At the time, it was the second-largest restaurant deal of 2021, second only to the $801 million bankrupt sale of NPC International to franchisees of Wendy’s and Flynn Restaurant Group (the largest in 2021 was l purchase of Firehouse Subs by RBI for $1 billion). Soon, the FAT Brands portfolio grew to 14 brands with the addition of Round Table Pizza, Marble Slab Creamery, Great American Cookies, Pretzelmaker and Hot Dog on a Stick.

Two months later, FAT Brands announced an agreement to purchase a sports bar Twin Peaks for $300 million, and two months later struck a deal to buy Fazoli’s for $130 million. The company ended the timeline with a $20 million acquisition of Native wings and grills of 23 units.
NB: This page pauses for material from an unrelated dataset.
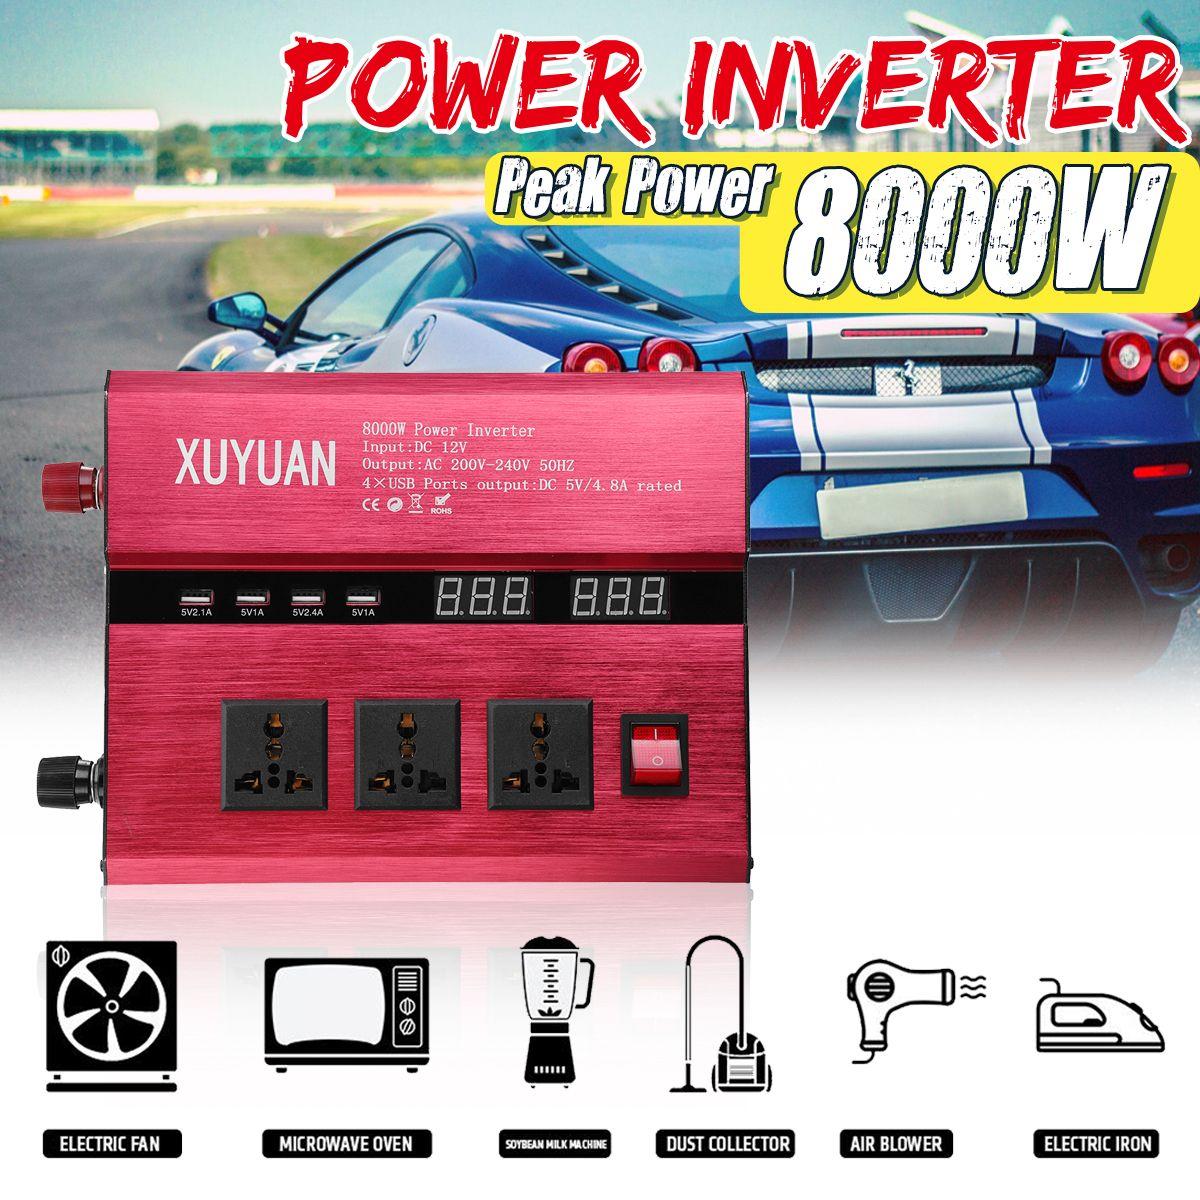 10000W Solar Power Inverter 12V 24V 220V Sine Wave Inverter DC-AC Car Invensor Convertor Voltage Transformer 10000W Peak Power

In total, FAT Brands spent nearly $900 million in five months. By the end of the year, it had a platform with 17 concepts, 2,300 franchised and company-operated locations worldwide, and system-wide sales of approximately $2.3 billion. dollars. The company operates in 40 countries and 48 states and partners with 800 franchisees, half of which are multi-unit operators. In addition to those 2,300 stores, FAT Brands claims a pipeline of about 800 restaurants that are expected to open in the next four to five years.

Before the end of 2021, the company spent $25 million in September 2020 to buy Johnny Rockets, a move that doubled FAT Brands’ footprint.

In 2004, Andy Wiederhorn pleaded guilty in U.S. District Court in Oregon to paying an illegal gratuity to an associate and filing a false tax return. He served 15 months in federal prison in Sheridan, Oregon, and paid a $2 million fine.

Andy Wiederhorn told The Times in 2017 that he “categorically denied doing anything intentionally wrong.”

“I’m very grateful for that. I felt like I paid the fine. I made time. I did everything I was supposed to do to make it go away and put it behind me,” he told the publication.

A shareholder lawsuit was also filed in 2021 against FAT Brands and Fog Cutter Capital Group. The lawsuit alleges that Fog Cutter used funds borrowed from FAT Brands to produce $27 million in multi-year cash advances. He claimed Fog Cutter owed FAT Brands $38.7 million and said the capital group forgave loans to Andy Wiederhorn before FAT Brands merged with the company. In January, a Delaware judge ruled the trial could continue.